Finding my Voice

Sometimes the words flow uninhibited. I have no shortage of ideas of topics to write about. Other times, like now, I stare at the page and have no idea what thoughts I wish to impart. My mind flits around, scrounging through my daily activities looking for some golden nugget hidden amongst the detritus of everyday life.

Part of my struggle, a large part in fact, comes from the habit I have fallen into with all my posts save for my travelogues and race recaps. In my weekly posts, I want to tell a complete story with a firm, discernible structure finishing with a lesson learned or a look to the future. The problem with this structure is that it serves until it doesn’t. It serves for the long view, for the topical, than for the messy in between where we live most of our life.

I do not see this blog as a place for me to impart wisdom from on high yet to often I feel constrained to this structure which chokes off the flow of thoughts in my head. I feel bad when I come to the conclusion of a post but have no resolution, no lesson learned, disappointed that I have not drawn a conclusion that I can share.

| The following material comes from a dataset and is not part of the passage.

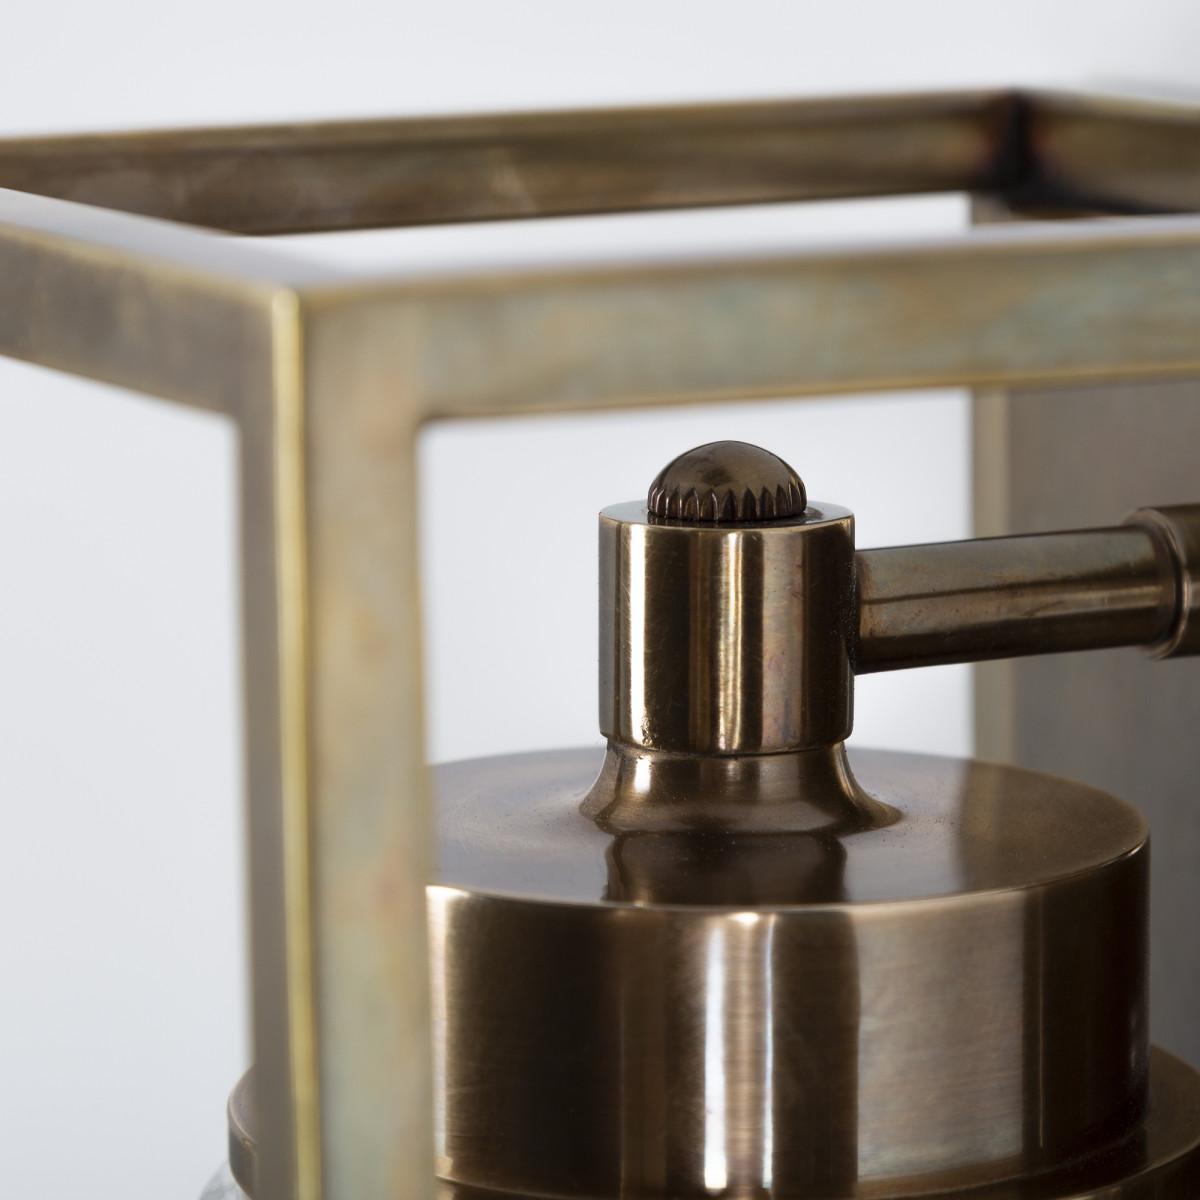 Wandlamp Fitzroy antiek messing, klassiek box design met stolpglas, e27 fitting, wandverlichting met een luxueuze uitstraling, exclusieve verlichting voor aan de wand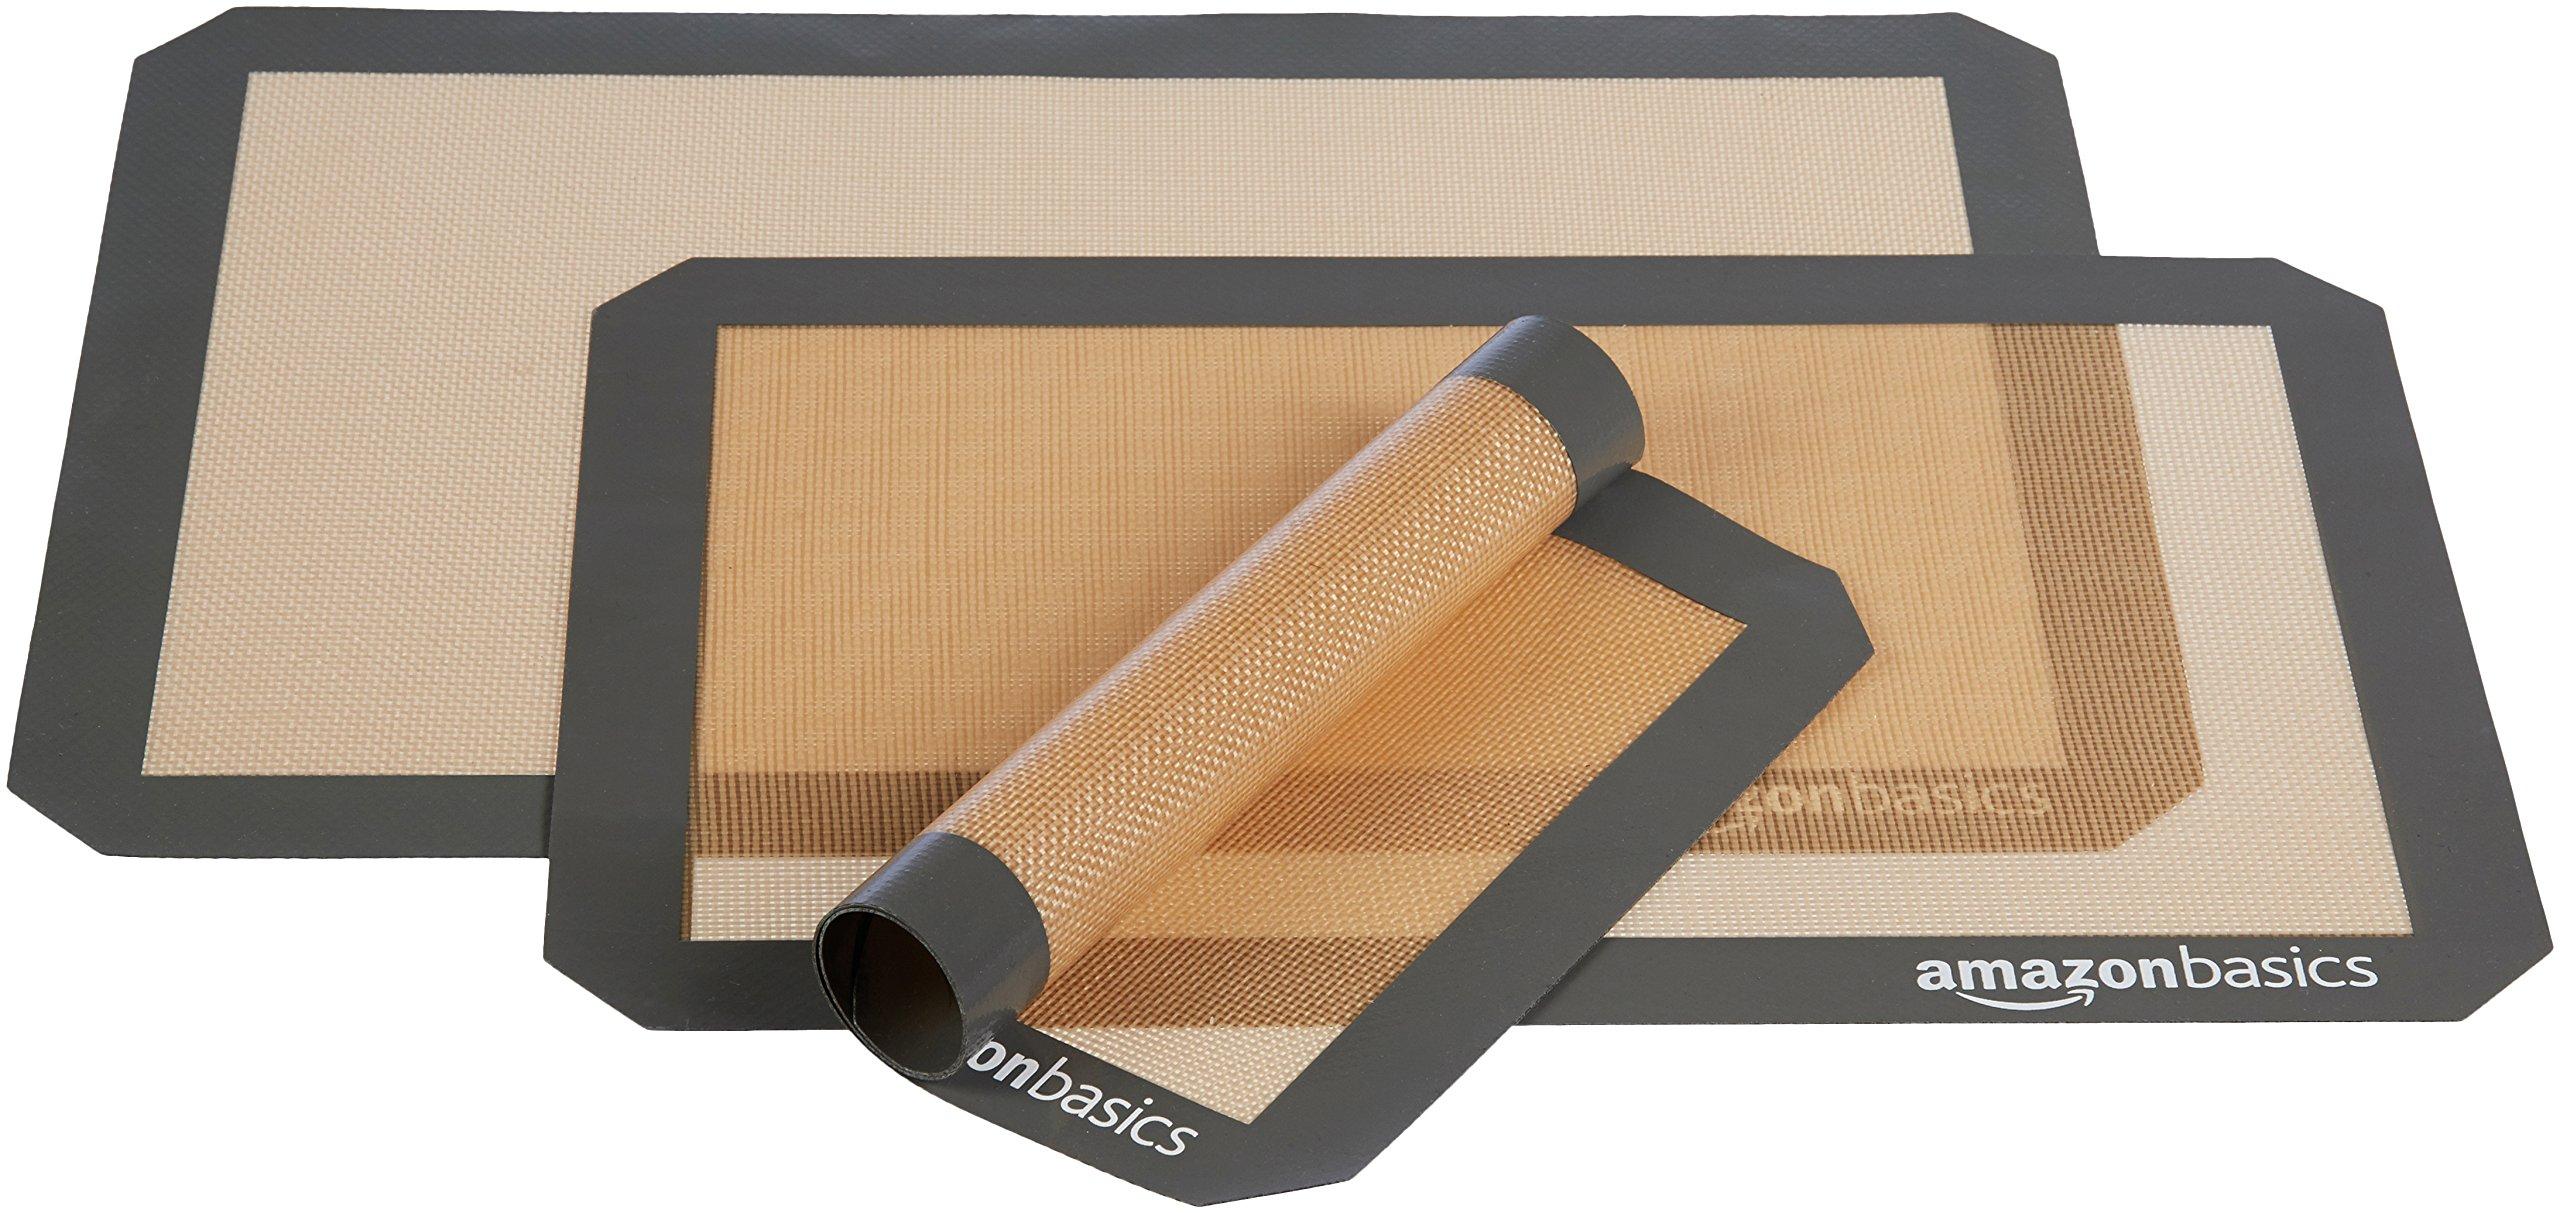 AmazonBasics Silicone Baking Mat - 3-Piece Set by AmazonBasics (Image #4)

Fittingly, I do not have a big aha moment today for this post, only a dim yet dawning realization that part of this writing experience involves growing in my skill as a writer, challenging what I have always done before because If I stay in my comfort zone, I will never improve. I do not know what that will mean for the format of these posts or what I will choose to write about in the future. I may change things up or I may not. Things may get a little rough in the interim but to quote the cliché, “things always are darkest before the dawn.”